Она бросила взгляд на гвардейцев. Почему меня лишают права оставить след на земле? Пусть небольшой, хотя бы царапинку. Мой сборник песен... Не обязательно ему стать популярным, но, может быть, однажды, спустя сотни лет, кто-нибудь натолкнулся бы на него и сыграл одну из записанных там песен. А потом глянул бы на обложку и прочел мое имя, и тогда я словно бы ожила. Кто-то узнал бы, что когда-то жила на этой земле Магда Куза. Девушка вздохнула. Нет, она не собирается сдаваться. Во всяком случае, пока. Конечно, все плохо, а будет еще хуже, но это еще не конец. Надежда умирает последней. Однако Магда знала, что одной надежды мало! Должно быть что-то еще, только она никак не могла определить, что именно. Но прежде всего надежда.
Поезд шел мимо расписных кибиток, стоящих вокруг большого костра. Специалист по фольклору, отец приобрел много друзей среди цыган и записывал их устное творчество.
— Посмотри! — воскликнула она в надежде поднять его настроение.

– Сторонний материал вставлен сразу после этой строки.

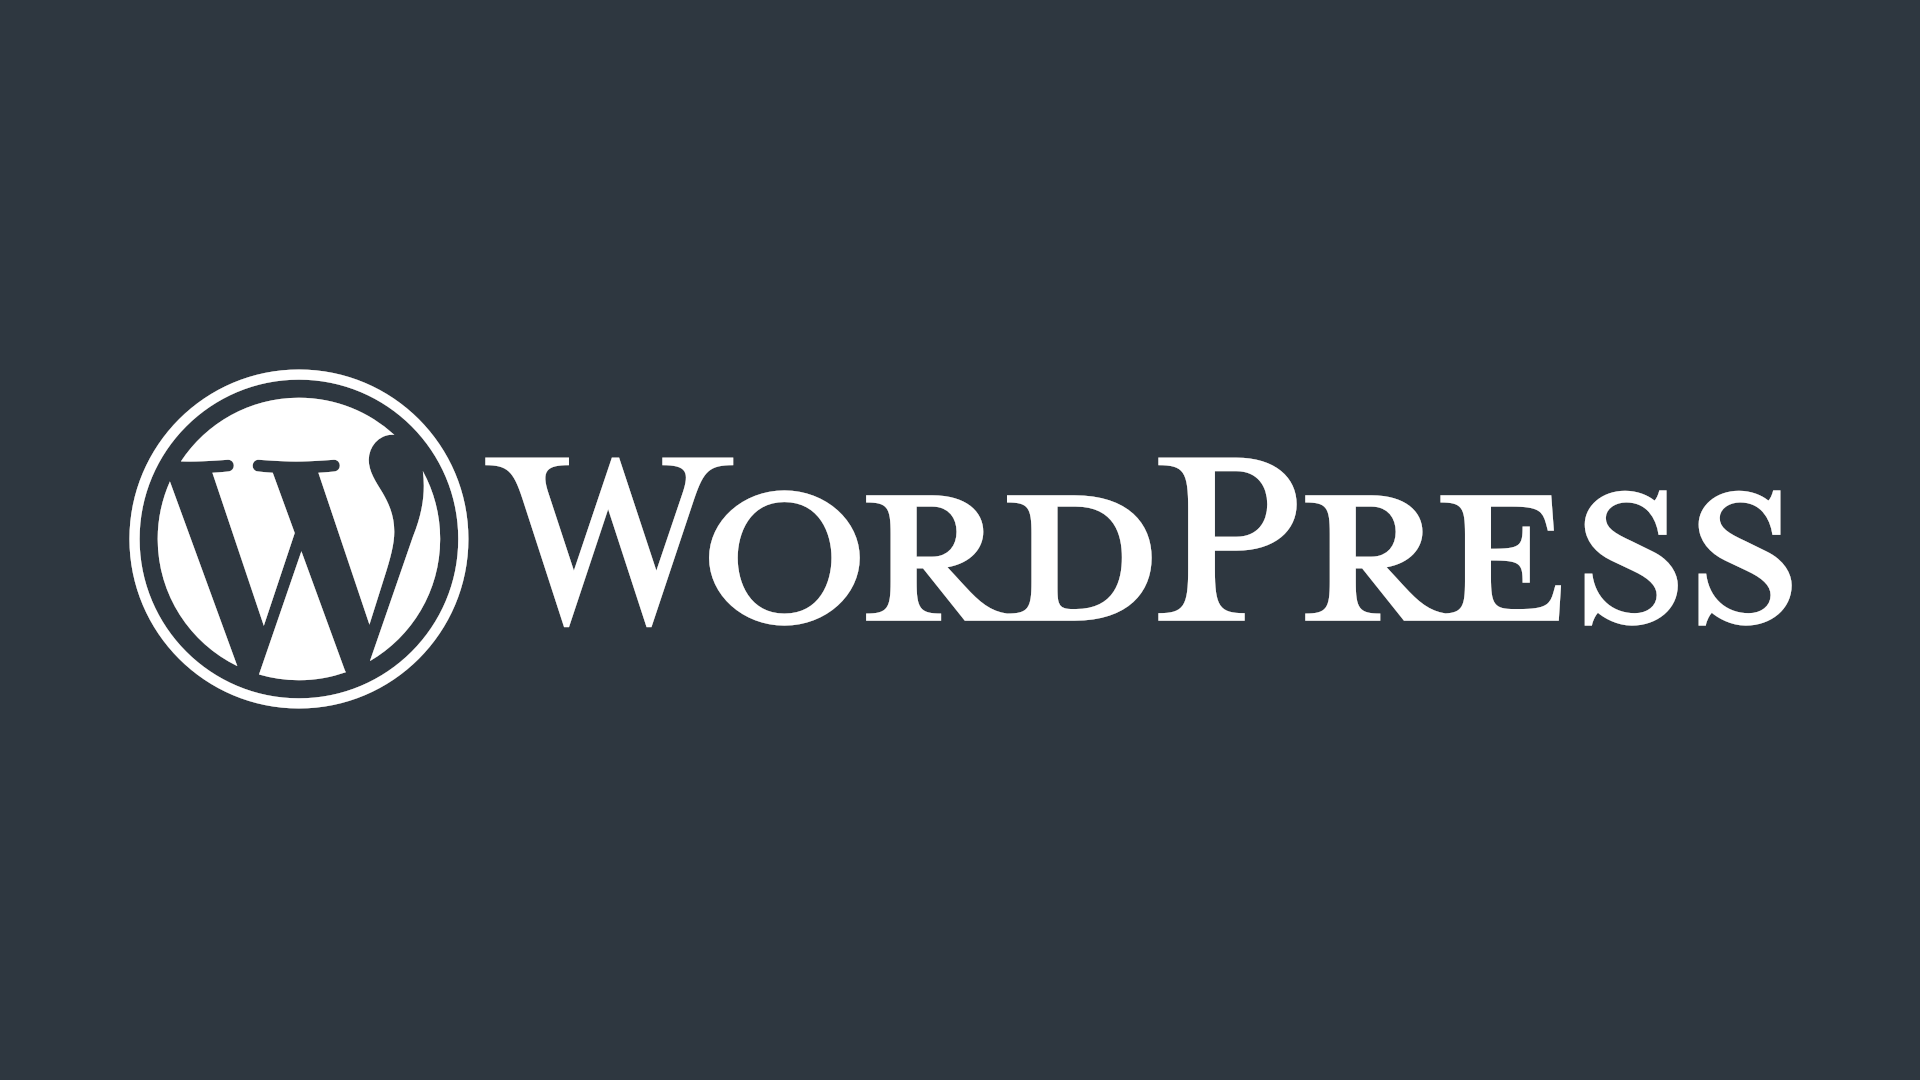 WordPress 6.0.2, Advanced Admin Handbook, Accessibility Tags for Block Themes, and Improving the Template Creation Experience

Он любил этот народ. — Цыгане!
— Вижу, — ответил отец без всякого энтузиазма. — Попрощайся с ними, потому что они тоже обречены, как и мы.
— Папа, прекрати!
— Но это так. Цыгане всегда были кошмаром для властей и поэтому тоже подлежат уничтожению. Они любят свободу, Шум, смех, праздность. Это претит фашистскому менталитету. Они родились в кибитке, прямо на земле, у них нет постоянного адреса, постоянного места работы. Даже постоянного имени. Их у цыган три: одно для чужаков, другое для своих и третье, тайное, которое им шепчет при рождении на ухо мать, чтобы обмануть дьявола, если он придет. Для фашистского режима они просто ужас во плоти.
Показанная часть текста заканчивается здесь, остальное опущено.